Thomas (11) and Romero (11) compete at State Tournament


Max Chasin, Staff Writer

Over Spring Break, Elias Romero (11) and James Thomas (11) participated in the Journeymen/Rudis New York State Wrestling Championships (NYSWC) in Manheim, Pennsylvania. Romero and Thomas both appeared in the championship round of 16, but, as they lost their matches, they did not advance. It was the first wrestling match Romero competed in this year and the second Thomas competed in, Thomas said.

  Competitors participated in a qualifying round-robin tournament and the winner of each weight class proceeded to the Championships, Romero said. In the qualifying tournament there were eight weight classes and in the statewide championships there were 15. 

Neither Thomas nor Romero won their round-robin tournament; Romero went 0-4 and Thomas went 1-3. However, because of an availability of spots in their respective weight classes and their statistics from previous seasons, they were allowed to compete, Romero said. 

As Romero was unable to wrestle in preparation for the tournament due to COVID-19, he practiced by shadow wrestling and doing various types of cardio, he said.
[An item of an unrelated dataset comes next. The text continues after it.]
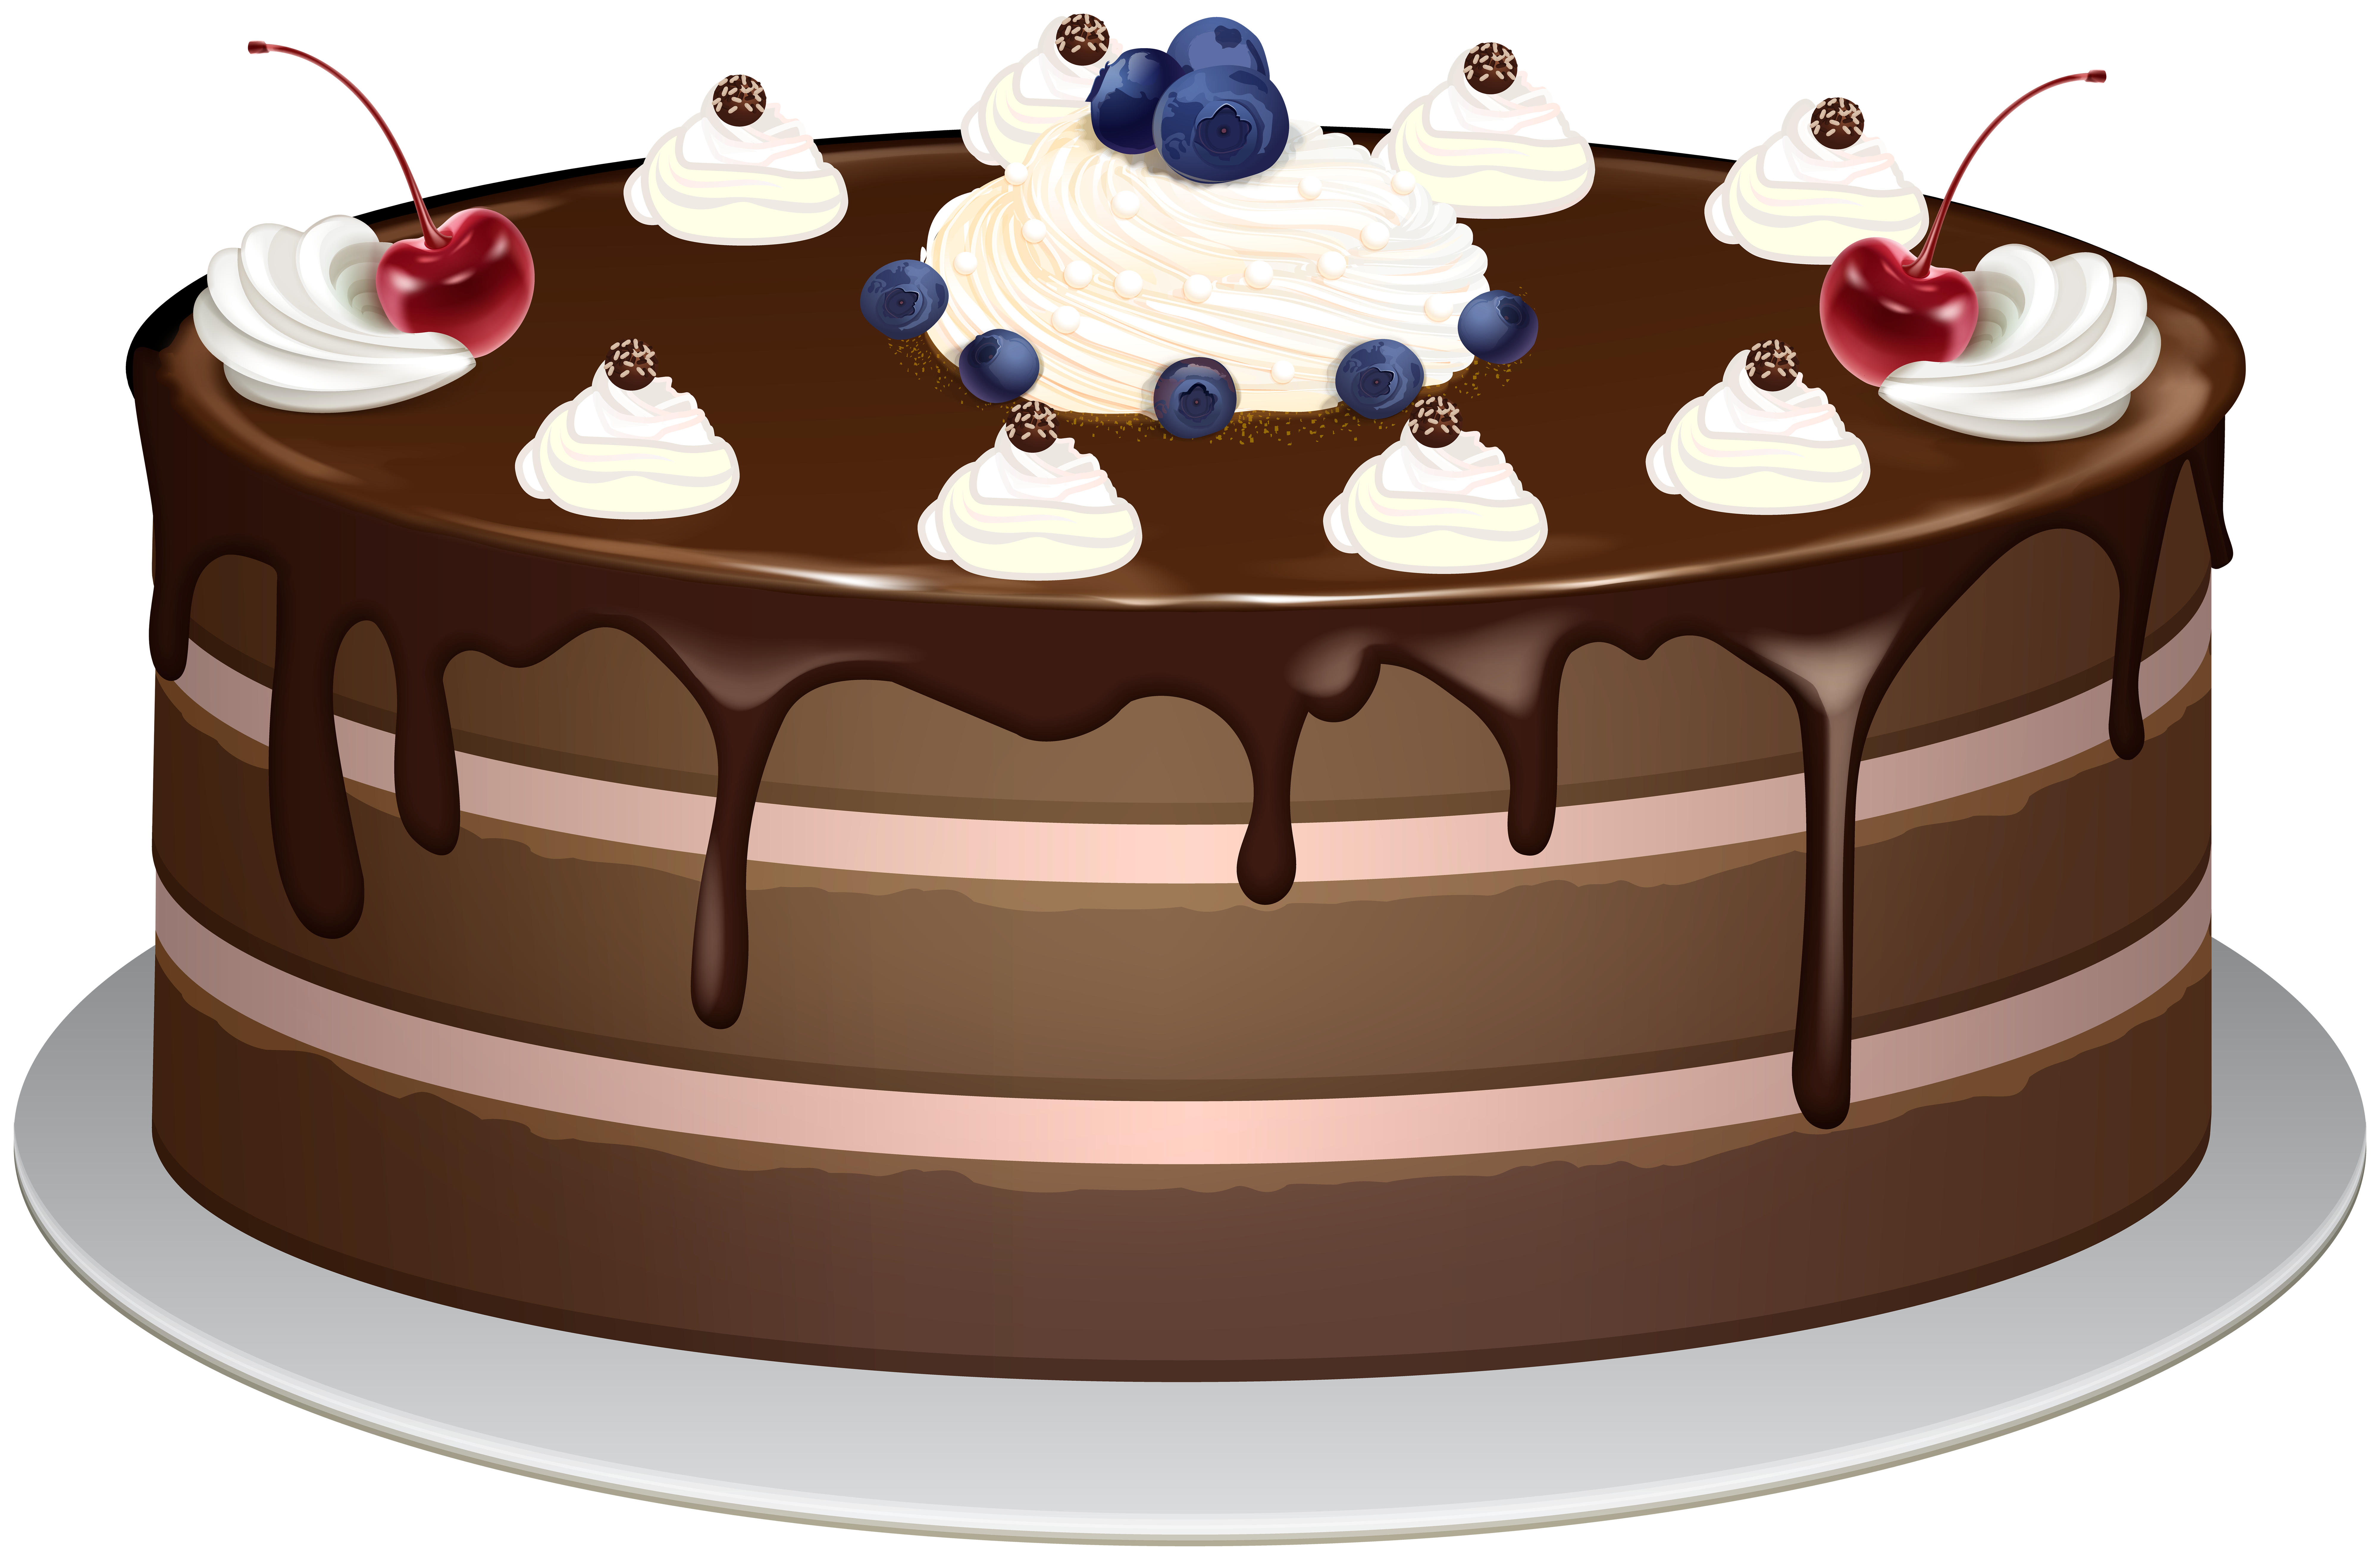 Nono's Vitto's Moist Chocolate Cake

Shadow wrestling consists of practicing normal wrestling motions alone as if the opponent were there. 

“Our HM team would work on our stance and practice our attacks either in the park or even in our own homes, sometimes,” Romero said. Romero found being unable to practice with a partner until he arrived at the tournament difficult, he said. 
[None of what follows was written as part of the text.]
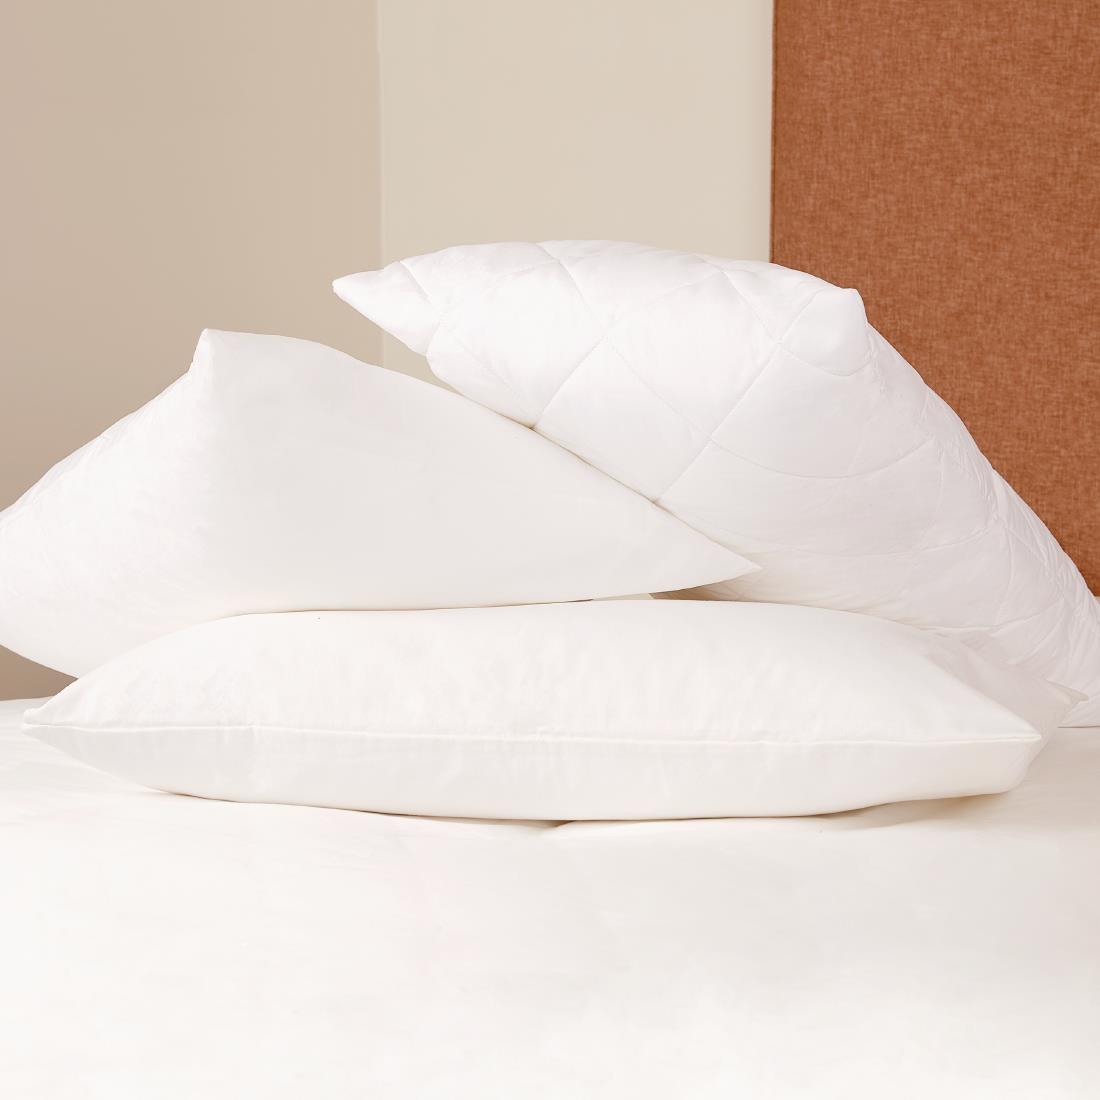 Mitre Comfort Polyzip Pillow Protector - GT799  - 1

Similarly, Thomas kept a wrestling mat in his basement to practice his stance, motion and drilling, and he did cardio and strength training on his own. However, a week before the statewide tournament, he attended a tournament in Pennsylvania at which he placed third. The tournament allowed him to fall back into the rhythm of wrestling against real opponents, he said.

Going into the championships, Romero and Thomas expected to perform poorly, Romero said. “While we had high expectations, we also understood that we probably wouldn’t do as well as we hoped, since we hadn’t fully wrestled since last February.” 
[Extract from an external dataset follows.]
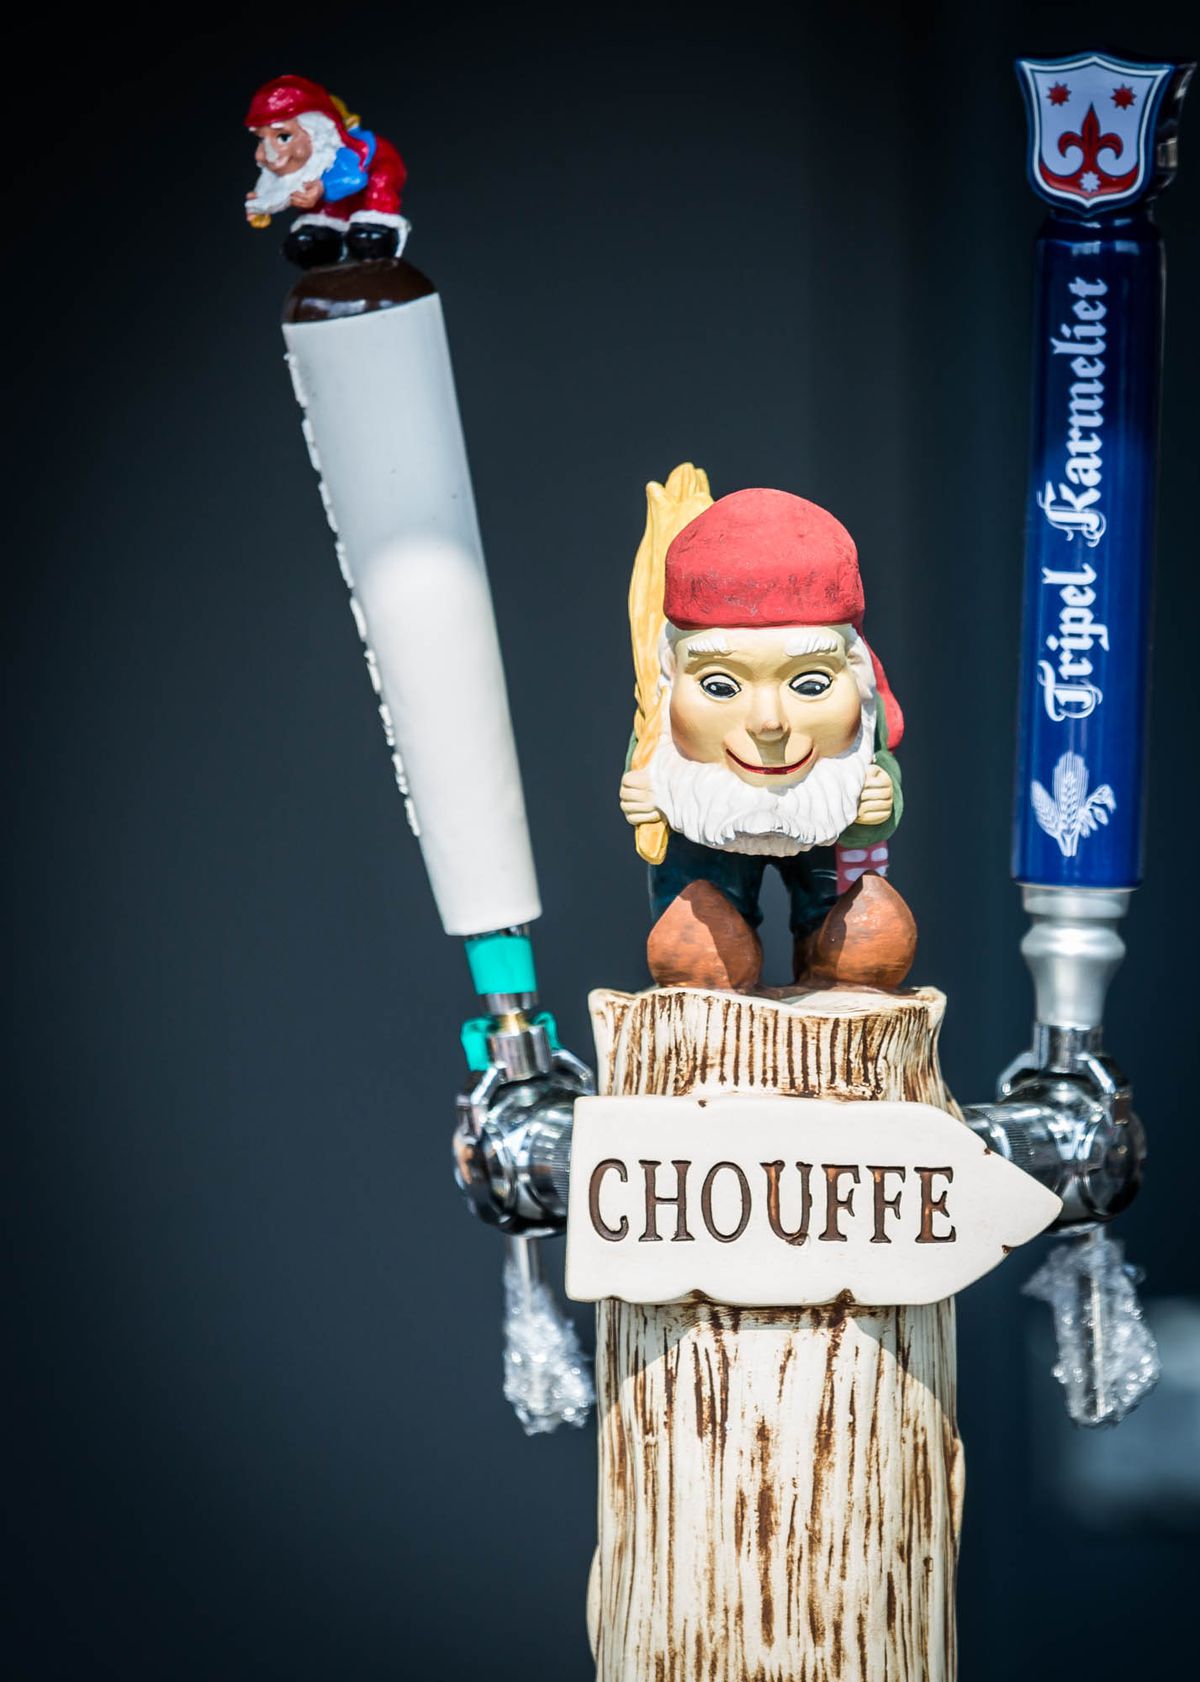 A chouffe beer tap

“Most of the guys we were competing against were coming off of full seasons just weeks before, and they were refreshed, so we were at a disadvantage,” Thomas said.

Coach Peter Doyle, who attended the championships with Romero and Thomas, was pleased with their performance, he said. “They performed above expectations given they had not wrestled in a match for over a year, and they continued to do better as the day wore on.”

Thomas enjoyed seeing some of the top-ranked athletes in the country compete, he said. 

Most wrestlers who competed in the championships were sectional champions, so the athletes were the best wrestlers from New York, Doyle said.

One notable competitor, Stevo Poulin, who committed to NC State to continue his wrestling career, is a four-time New York state champion and world team member, Romero said. “I remember him making quick work of his opponent by technical superiority –– like a mercy rule –– and most of the tournament was crowded around that mat to watch him wrestle.”

Romero was concerned by the number of adults and wrestlers not wearing masks or obeying COVID-19 protocols, especially because the tournament was so crowded. All attendees were screened for temperature and symptoms, and wrestlers and participants were required to wear a mask up until their matches. Still, many spectators and wrestlers did not obey these rules; some were wearing masks incorrectly and others did not wear them at all, Romero said.

However, he was thrilled to be able to compete alongside Thomas, be coached by Doyle, and experience what he missed during the school’s wrestling season, he said. “Our goal was just to enjoy being back on the mat, and we accomplished that,” Romero said.